- Records for processing:
####

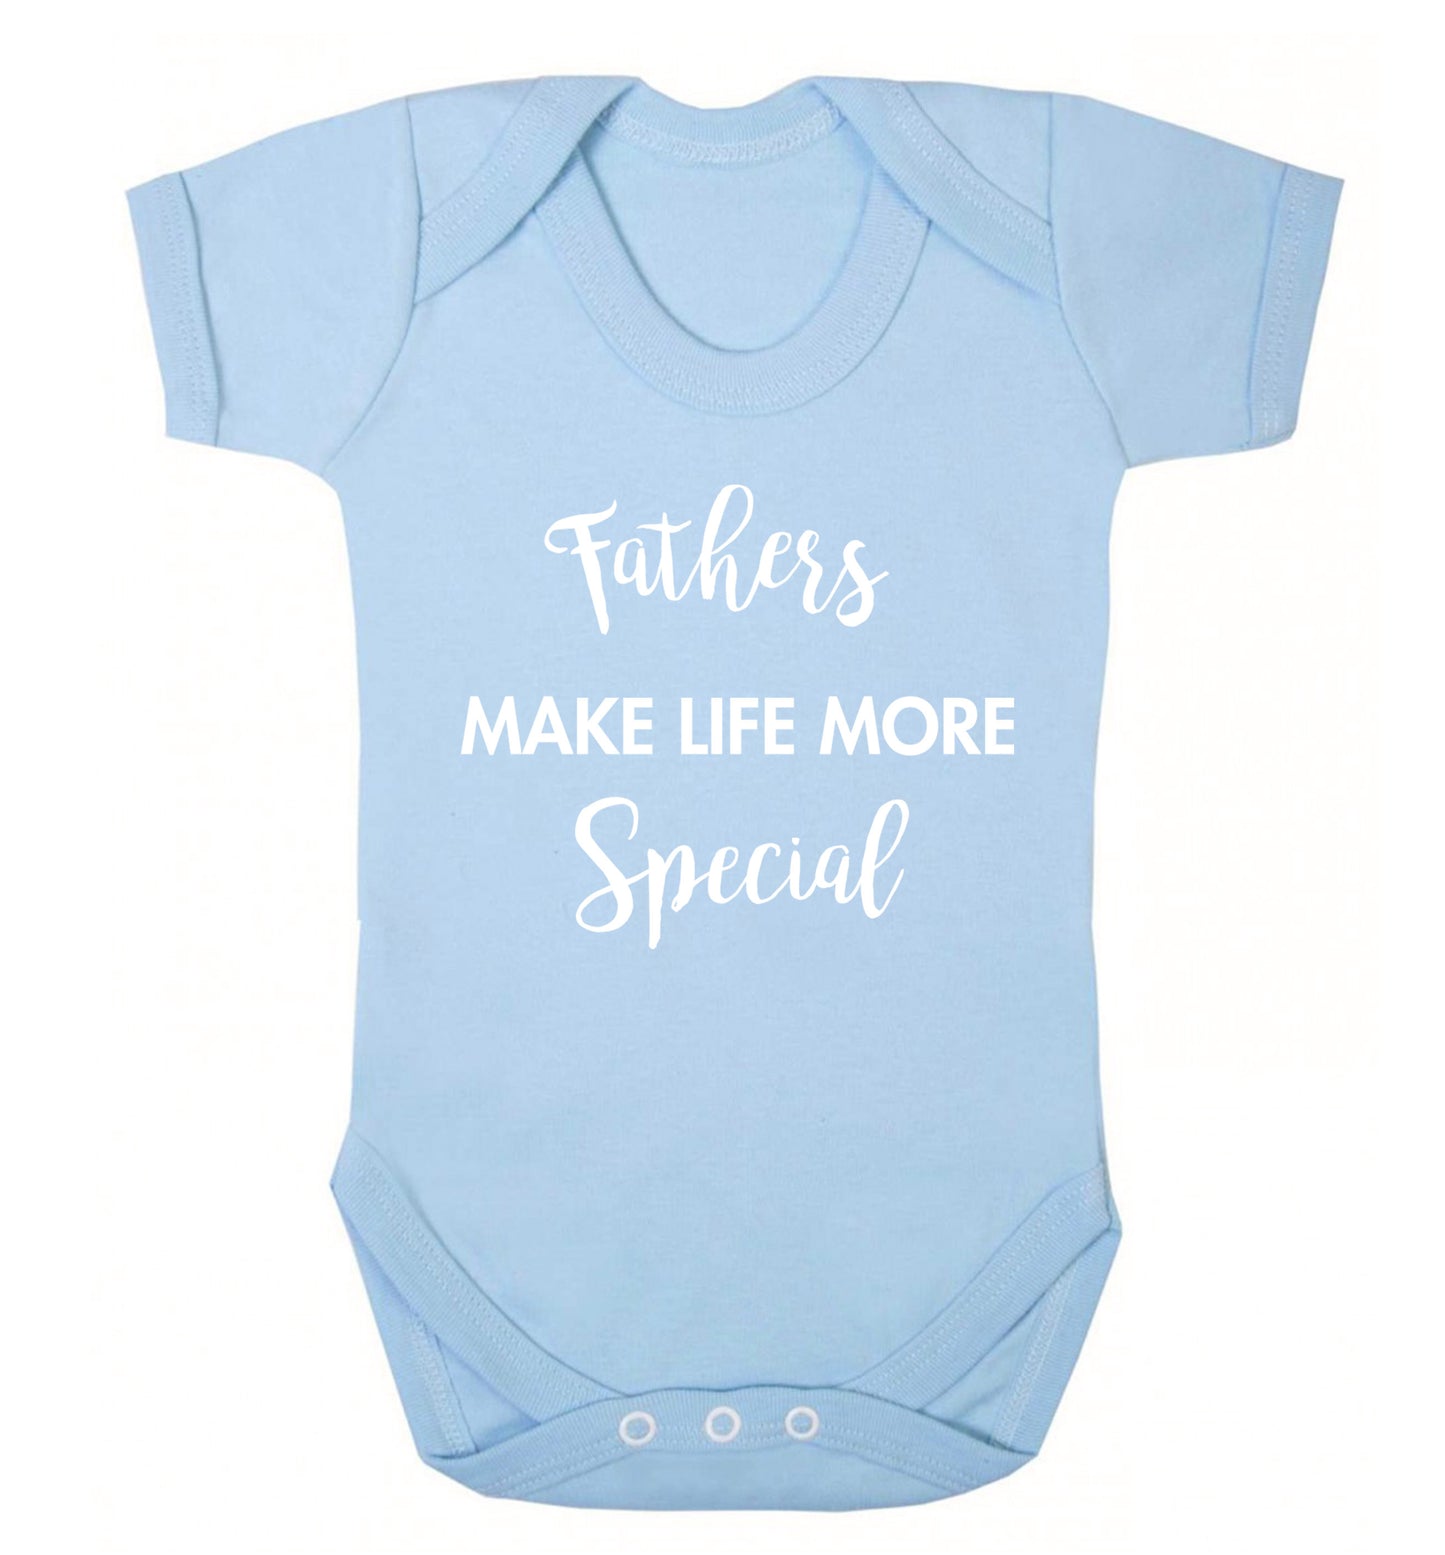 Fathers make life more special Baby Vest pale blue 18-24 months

####

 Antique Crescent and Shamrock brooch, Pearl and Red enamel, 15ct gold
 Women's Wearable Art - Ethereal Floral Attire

####

- Exercise details: In the entries above, restate word for word the lines between the one holding "Antique Crescent and" and the one holding "Women's Wearable Art", inclusive, and nothing besides.

- Task response:
 Antique Crescent and Shamrock brooch, Pearl and Red enamel, 15ct gold
 Women's Wearable Art - Ethereal Floral Attire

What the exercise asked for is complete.